Assessment of studies will be conducted independently by two reviewers (SVG and AES). Any discrepancies or disagreements during the selection process will be resolved through discussions, and if needed, through the help of a third reviewer (AEJ). The data extraction form and quality assessment tool were piloted using three studies identified from the MEDLINE search above. The data extraction form was revised after testing and piloted again using three additional studies.

Data synthesis

As we are not anticipating that the included studies will be homogenous in design and have individual data available, it will not be appropriate to undertake a meta-analysis or analyse quantitative data. However, measures of frequency, such as prevalence, will be reported. For instance, the number and proportion of AI/ANs who have and have not received the HPV vaccine by tribes will be summarised and presented. If available, measures of association, such as odds ratios along with confidence intervals, will be presented.

A narrative synthesis of the included studies will be undertaken and presented. The main elements of the narrative synthesis process, such as the preliminary synthesis of findings and exploring relationships both within and between included studies, will be applied.69 Preliminary synthesis will be developed through textual description of studies and tabulation of data.69 For exploring relationships in the data, graphical tools and qualitative case descriptions will be used.69 Thematic synthesis methodology as described by Thomas and Harden will be used to combine qualitative studies identified in our review.70 Findings on the facilitators and barriers to HPV vaccination will be further explored. The risk of potential threats to validity, including biases, will be assessed and reported. Any effect modifiers or confounders and their impact on the study findings will also be evaluated.

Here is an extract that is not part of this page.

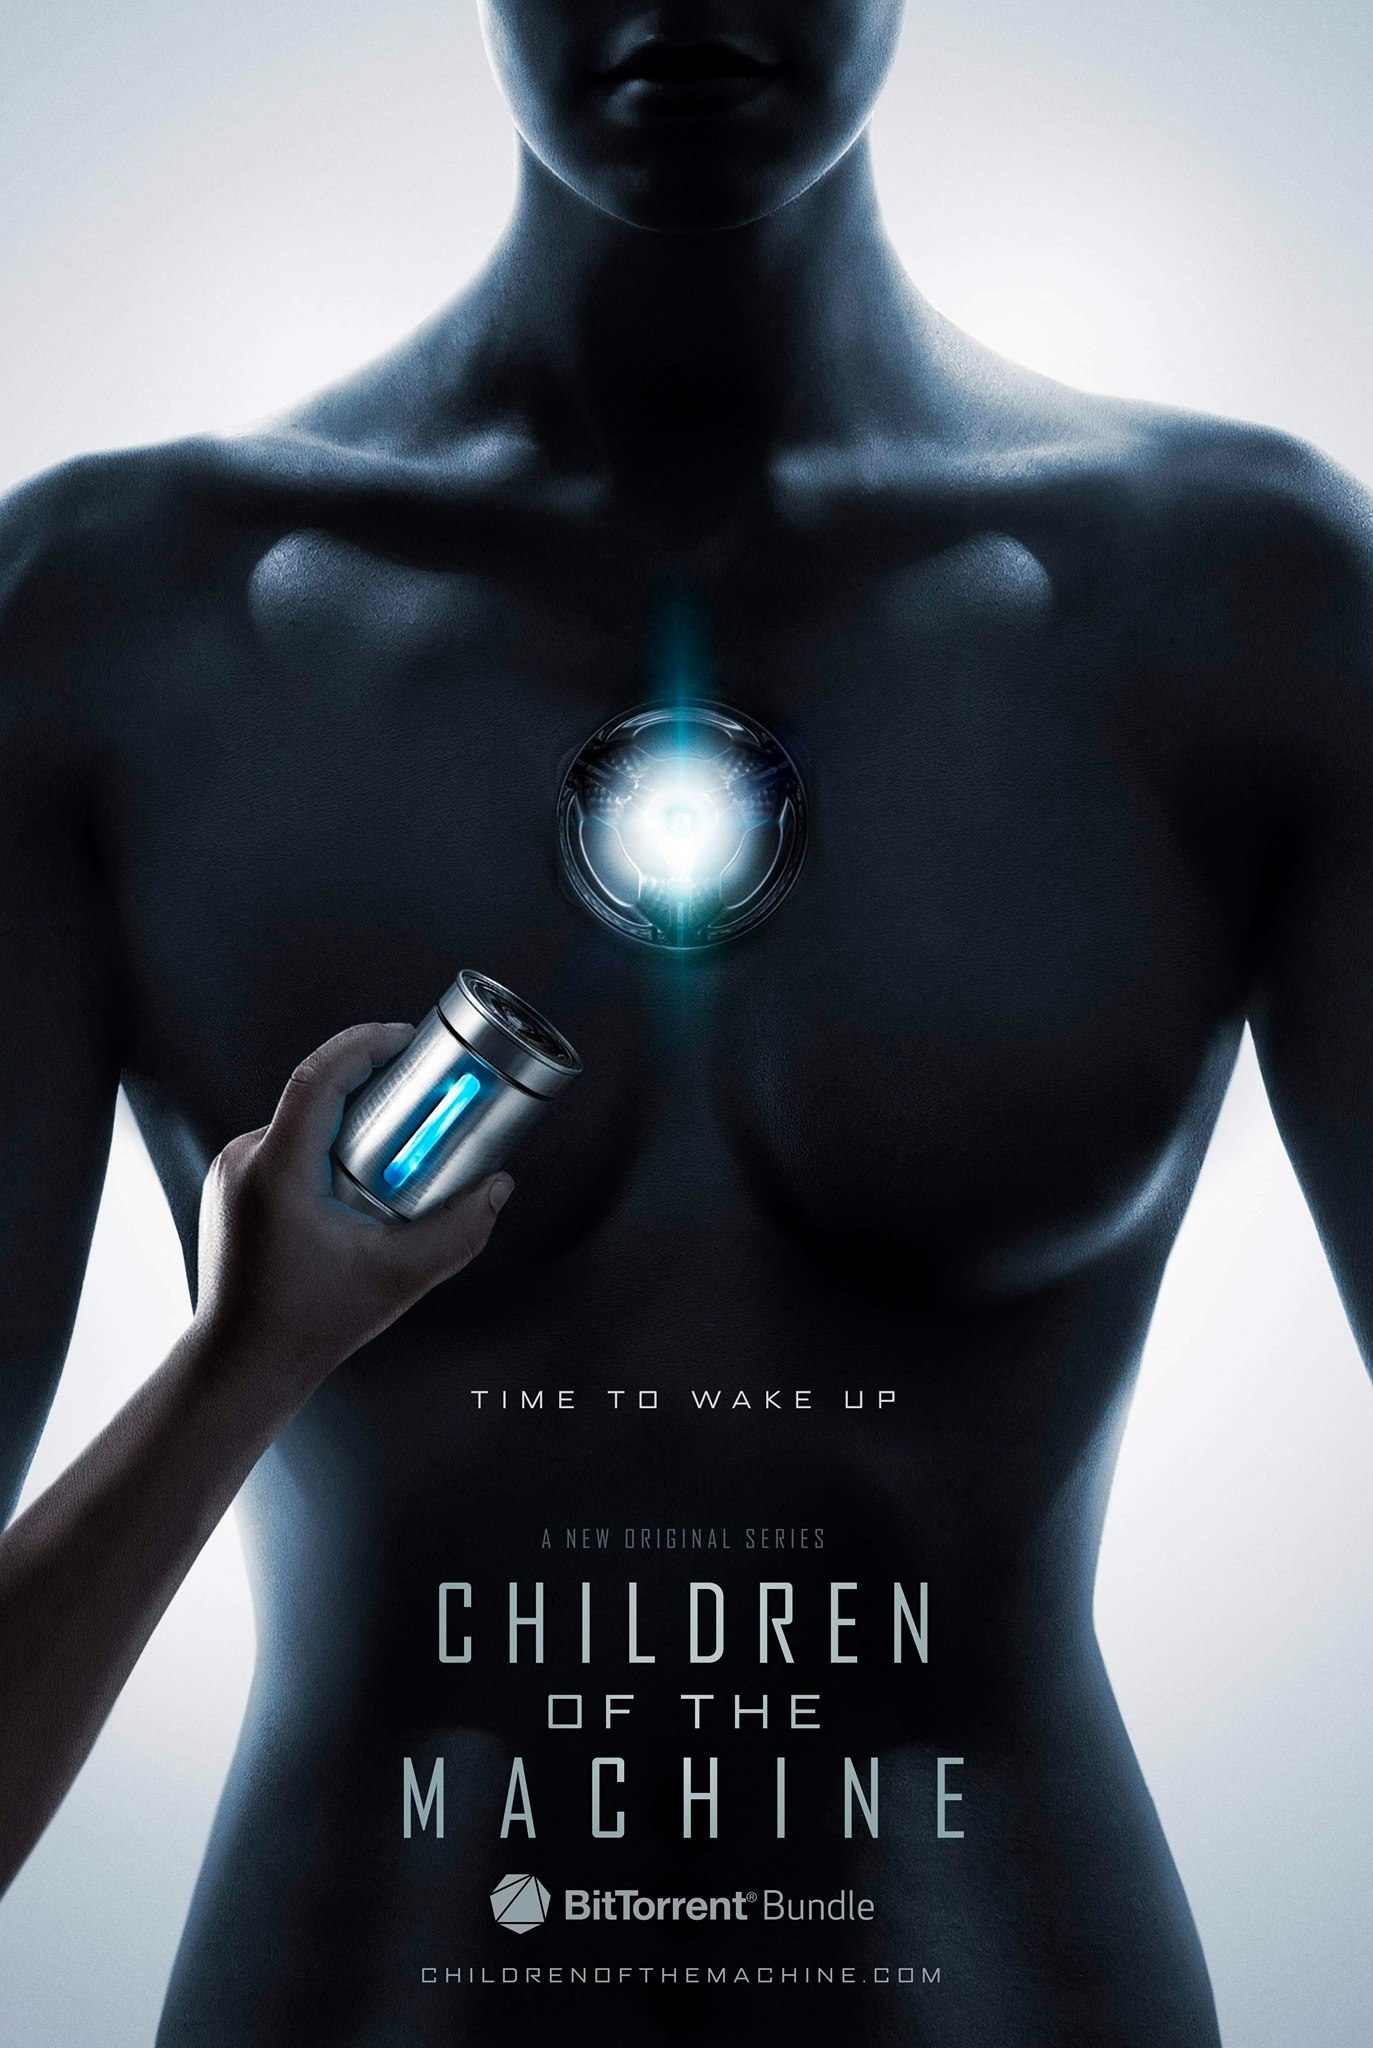 BitTorrent unveils its first original TV series Children of the Machine
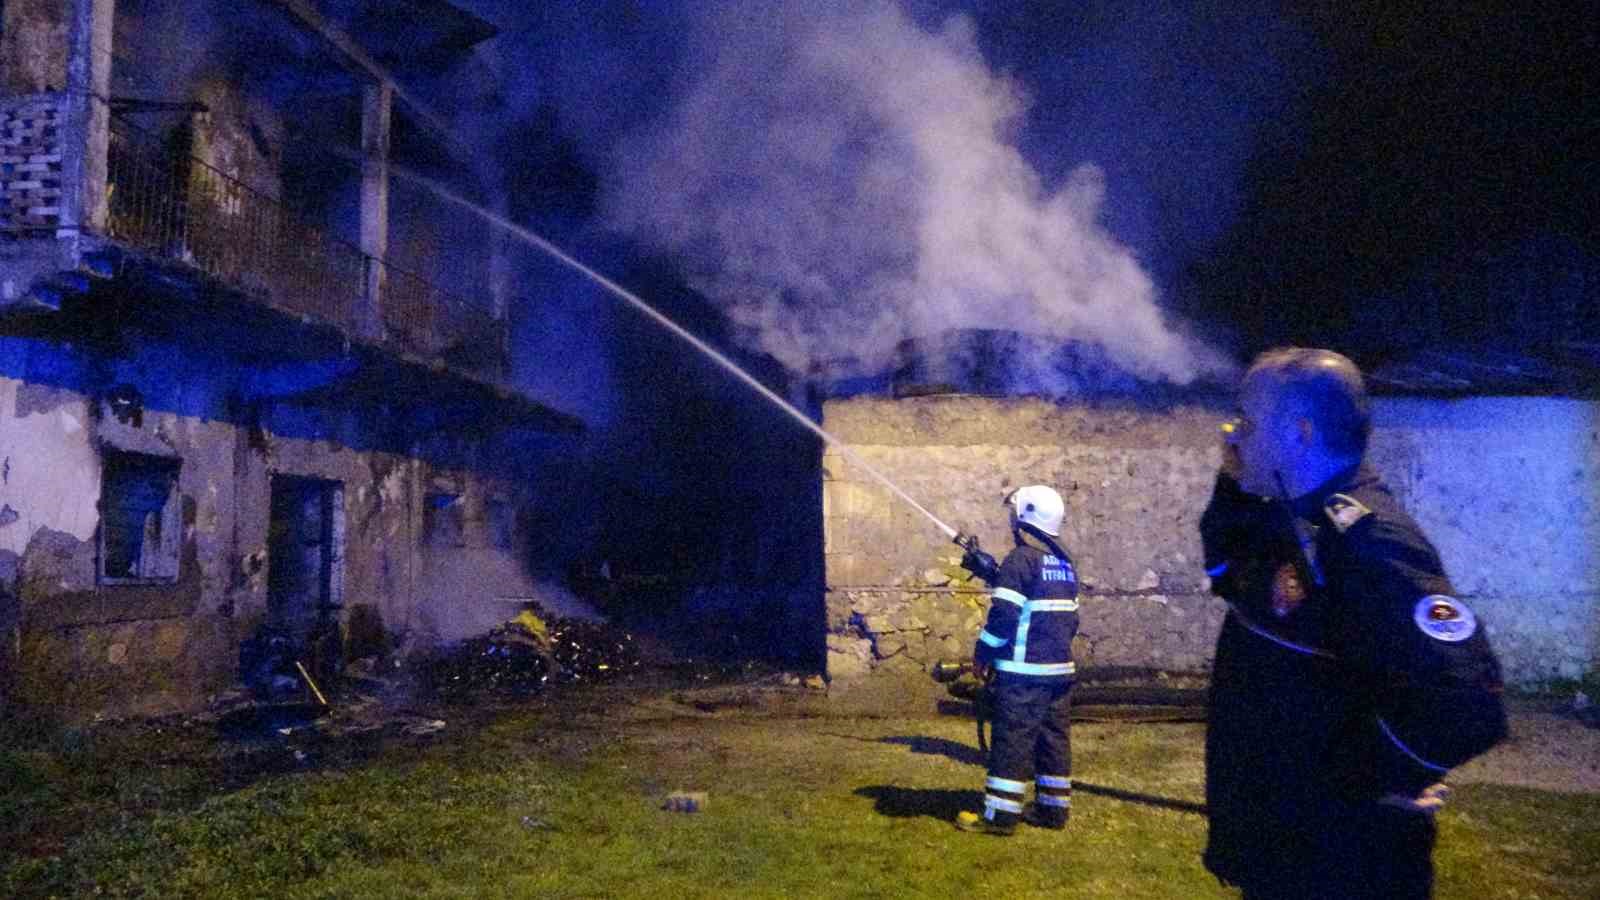 Adana’da evde çıkan yangında anne ve iki çocuğu hayatını kaybetti

Patient and public involvement

No patients or the public were involved in the development of this systematic review protocol.

Discussion

To reduce the burden of HPV-associated cancers, there is a need to identify and understand factors that influence vaccine uptake. Prior reviews and national surveys on HPV vaccination factors have assessed different groups, but failed to focus on the AI/AN population that bears a disproportionate burden of HPV-associated cancers. Our systematic review aims to address this gap. The results from this review are anticipated to identify HPV vaccination factors and inform future research, policy and practice on vaccinations for HPV among AI/ANs.

Ethics and dissemination

This systematic review protocol is currently registered in PROSPERO (CRD42020156865). As our review will use publicly available data and publications, an Institutional Review Board review will not be required. We will disseminate the findings from this review through peer-reviewed publication(s) and conference presentation(s).